COLLECTED MATERIAL:
■ ■ ■ ■ ■

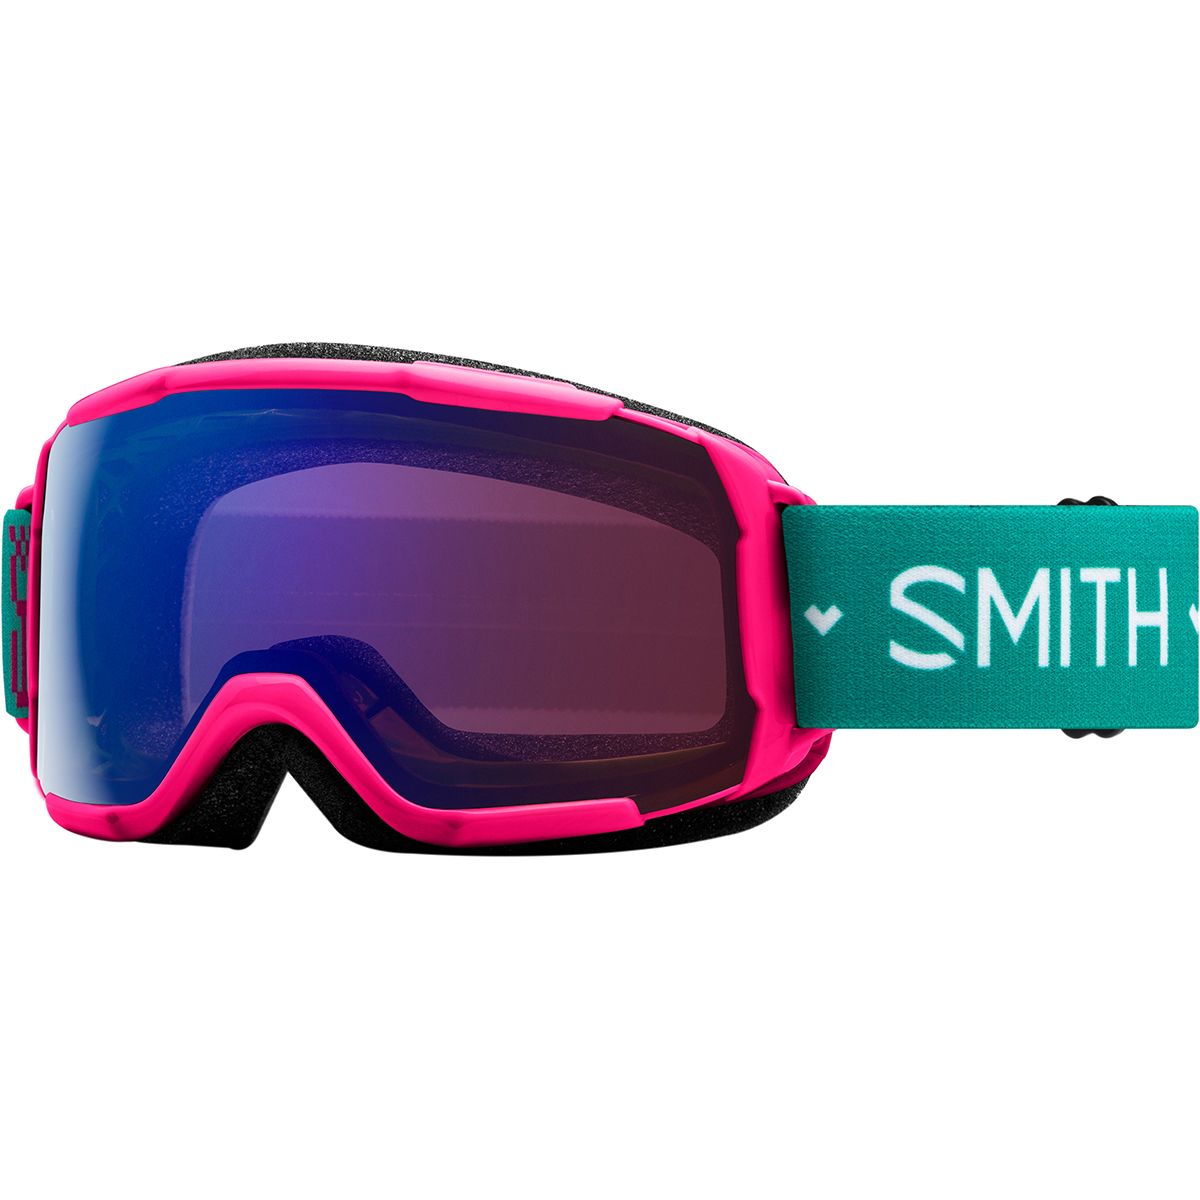 Smith Grom ChromaPop Goggles - Kids' Pink Flowers/Chroma Storm Rose Flash
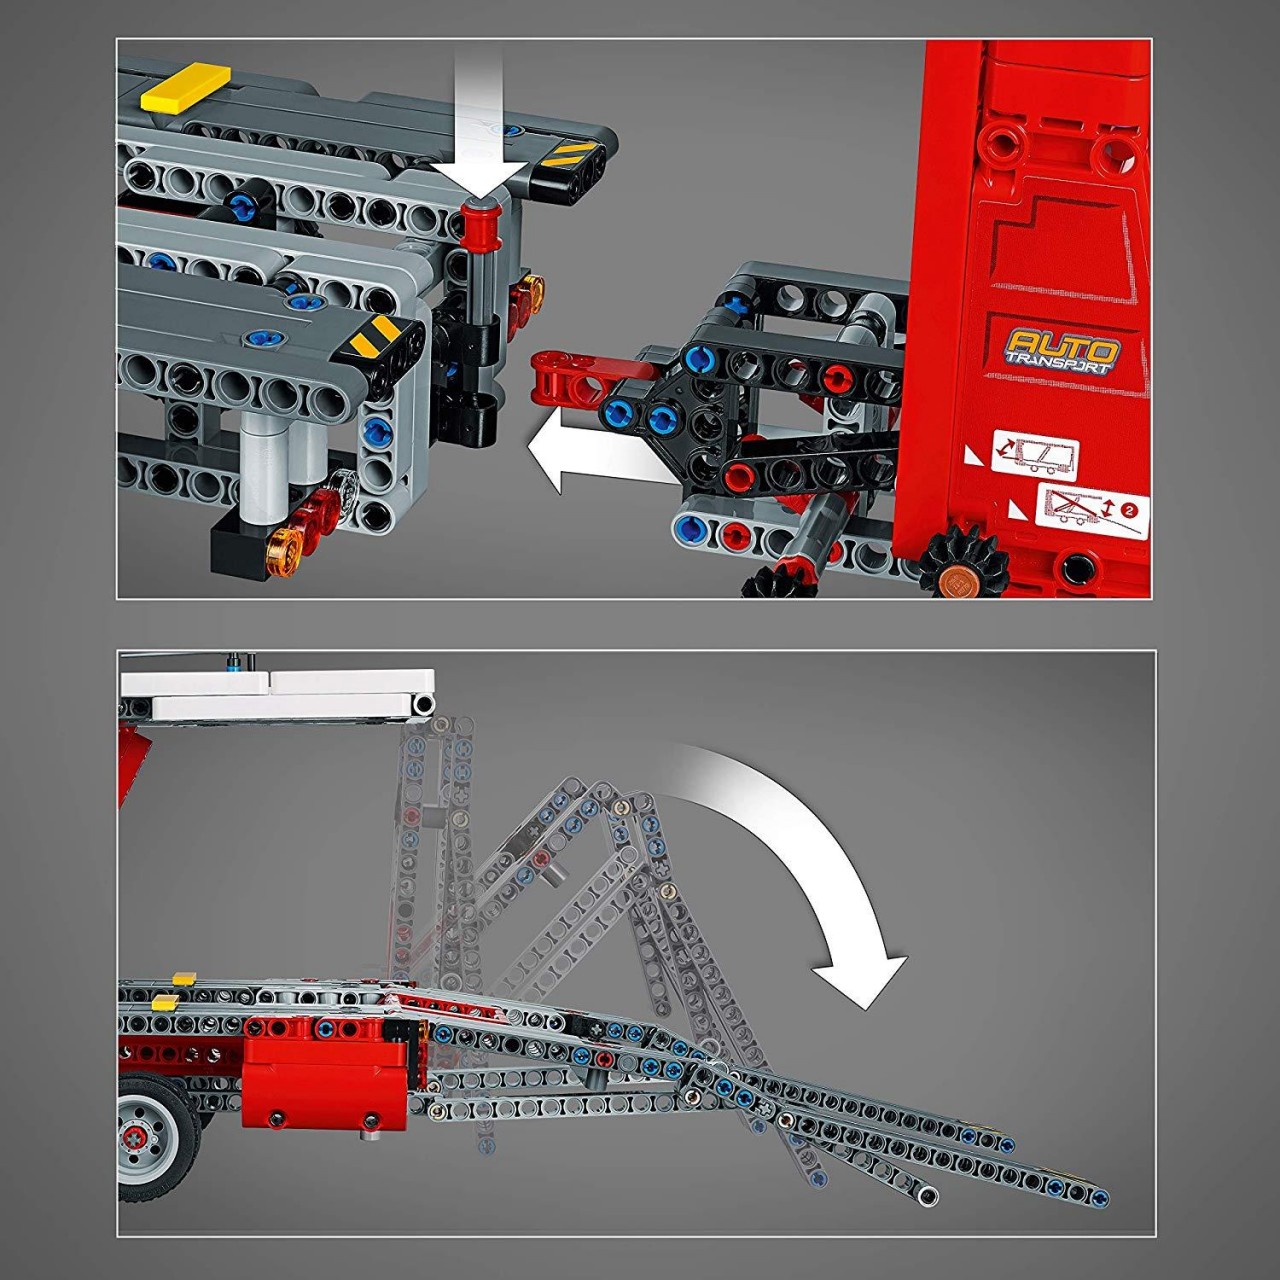 LEGO TECHNIC 42098 Autotransporter
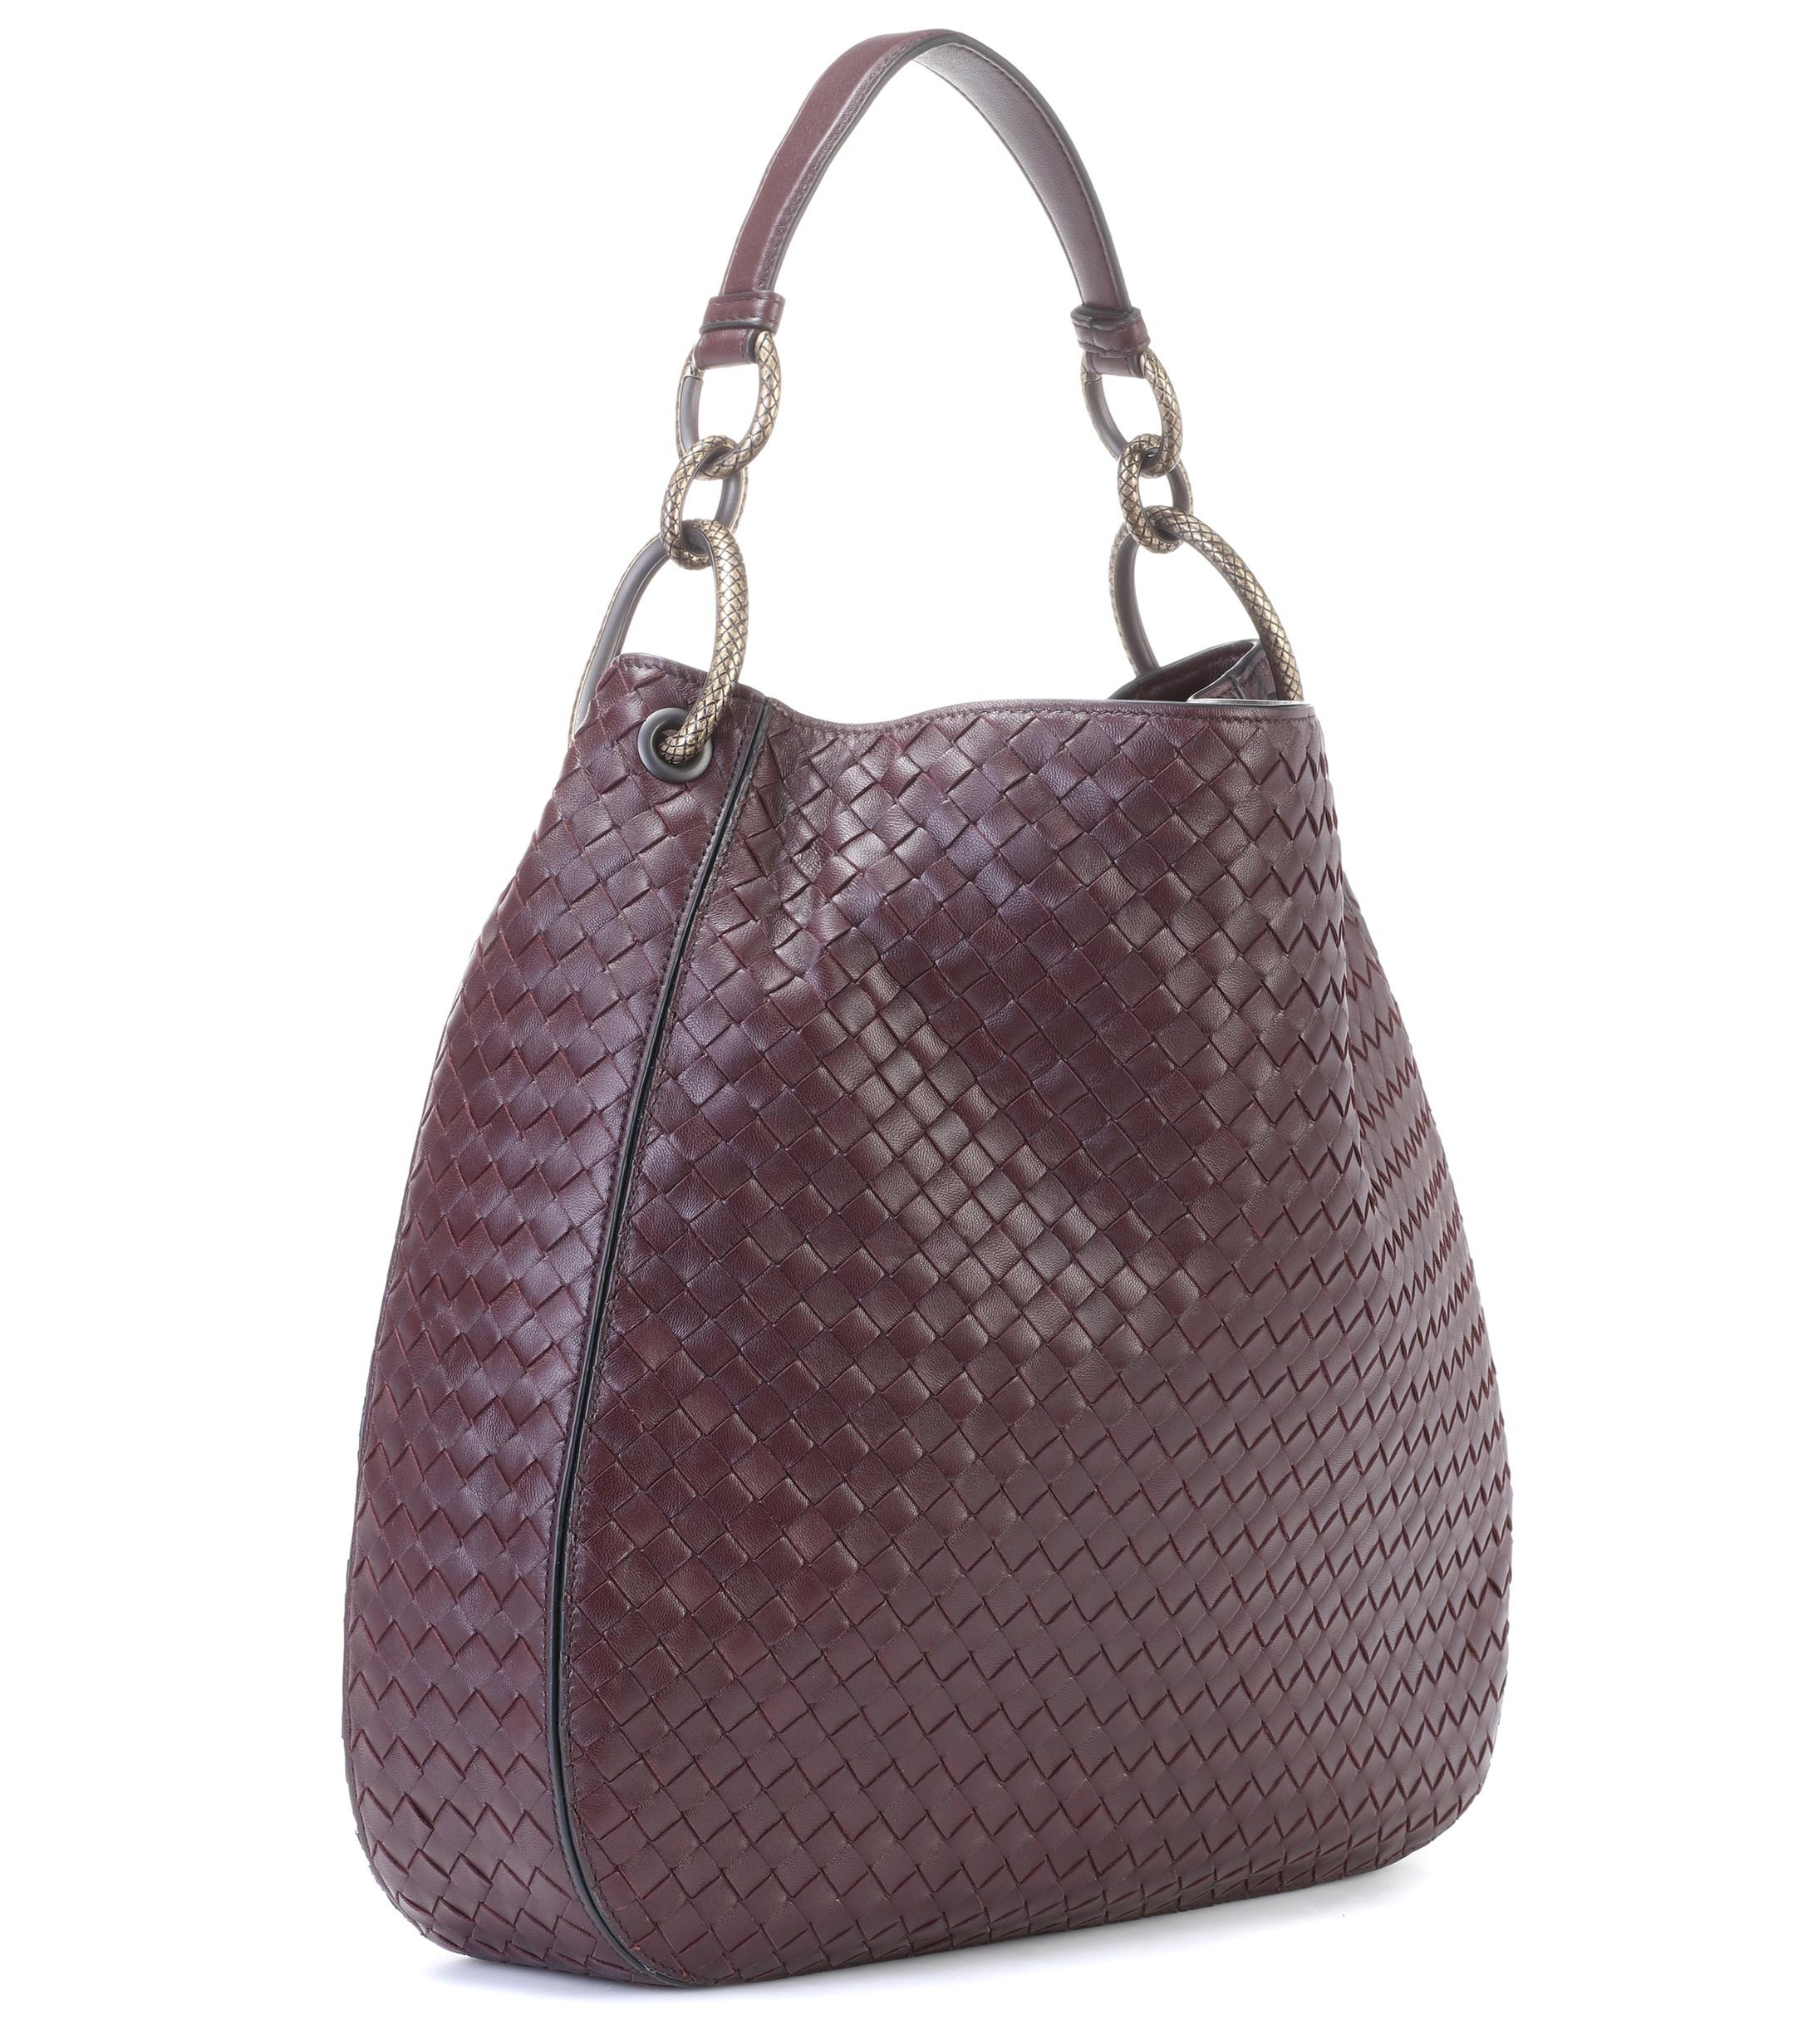 Bottega Veneta Loop Intrecciato Leather Shoulder Bag in Purple - Lyst

■ ■ ■ ■ ■

Retype the data above exactly. Do not carry over any images.

SOLUTION:
 Smith Grom ChromaPop Goggles - Kids' Pink Flowers/Chroma Storm Rose Flash
 LEGO TECHNIC 42098 Autotransporter
 Bottega Veneta Loop Intrecciato Leather Shoulder Bag in Purple - Lyst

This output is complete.